Stokes was in fact an avid and somewhat reckless climber, and he would often horrify his family by making ascents on treacherous pathways.
In the end, love won out over practical considerations: George and Mary were married near the end of 1857, and he had to forfeit his Fellowship, though his Professorship was secure. Changes were eventually made to the Fellowship, however, and it was re-awarded to Stokes in 1869. The couple did their honeymoon in Switzerland, though there is no account of Stokes’ mountaintop experiments. Mary’s diary, however, contains a few snippets about his enthusiasm:
George is so fond of lightning.
He puts his head under all the waterspouts he can find.

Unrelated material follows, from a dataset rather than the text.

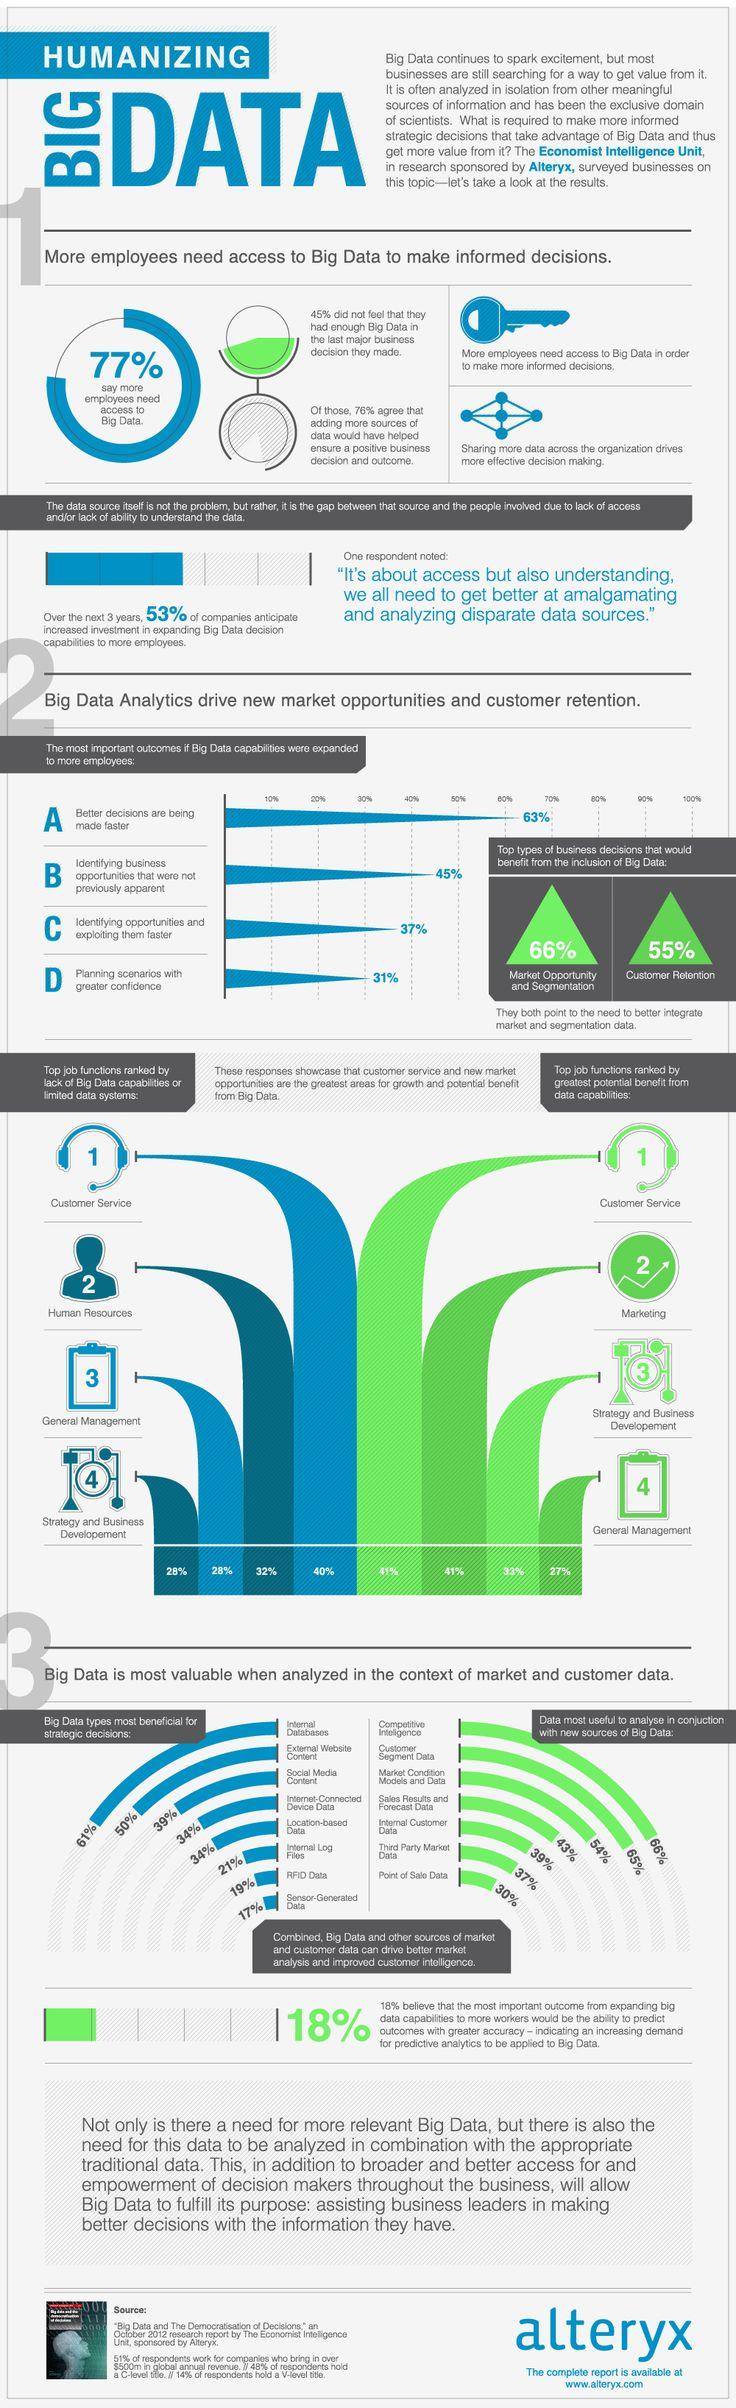 Humanizing Big Data #infographic
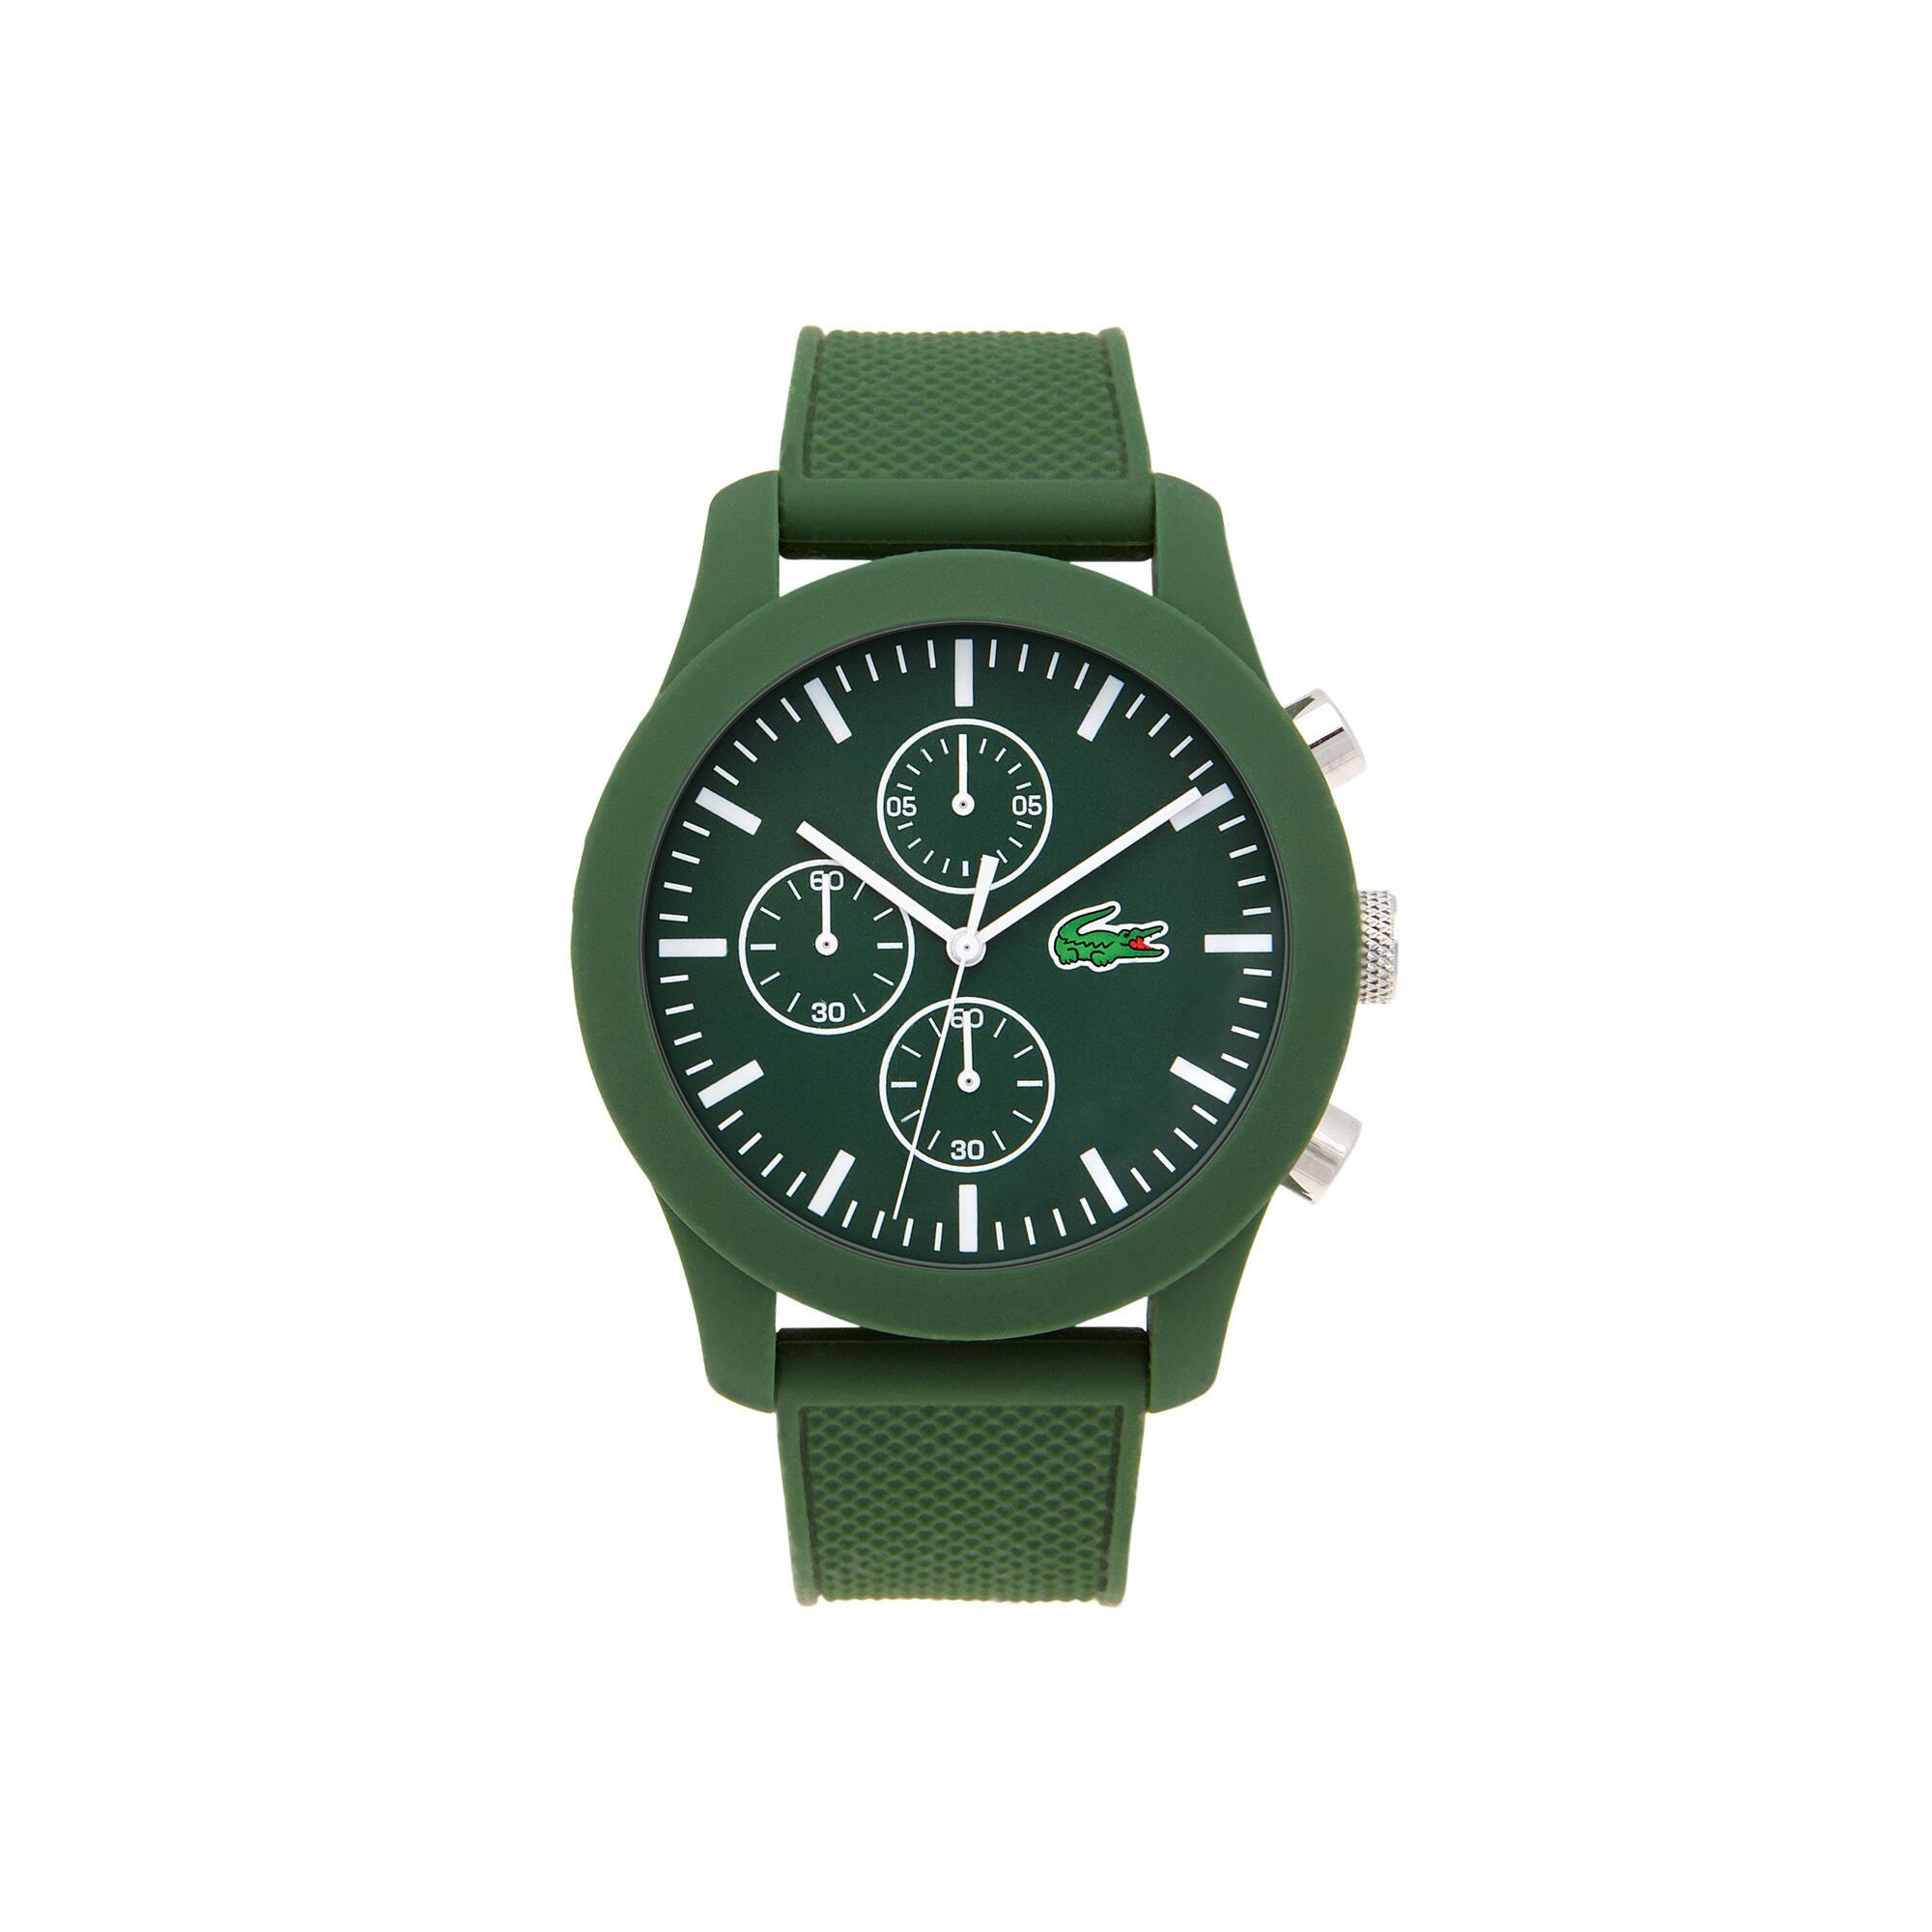 Montre Lacoste.12.12 chronographe verte en silicone

He flew about, now up, now down, trying to find a better path; he quite enjoys dangerous places and looks so happy where his neck might be broken.
There marriage was, by their daughter Mrs. Humphrey’s account, a happy one, and it lasted until death parted them. They had a number of children (I have not been able to determine how many), though sadly at least two of them died at a young age.
Stokes’ marriage, through his children, led to him becoming a better and more enlightened man. Mrs. Humphrey recounts:
When it was becoming customary for the University Professors to admit lady students to their lectures someone wrote to him asking for permission for the ladies to attend his lectures also. He said that he had almost decided to refuse; but I begged that he would take them, and asked him how be would feel if a Mrs Somerville had asked him to teach her, and he would not. At last he promised to admit them, and he became much interested in his lady students, and always knew how much they understood. He was much amused by one. After the first lecture he said,”She frowns “-after the second,”She is frowning horribly ! “-after the third, “Her forehead is one mass of corrugations; she won’t be there next time!” and she was not. But some of the ladies got on splendidly, and he was much pleased when a Newnham lady who had attended his lectures brought him some original work which he approved.
George Stokes was a brilliant scientist, and an odd fellow at times, but he was also wonderfully normal in all the ways that mattered.
* I first learned of this quote from J. Heading, “An Introduction to Phase Integral Methods” (Methuen, London, 1962).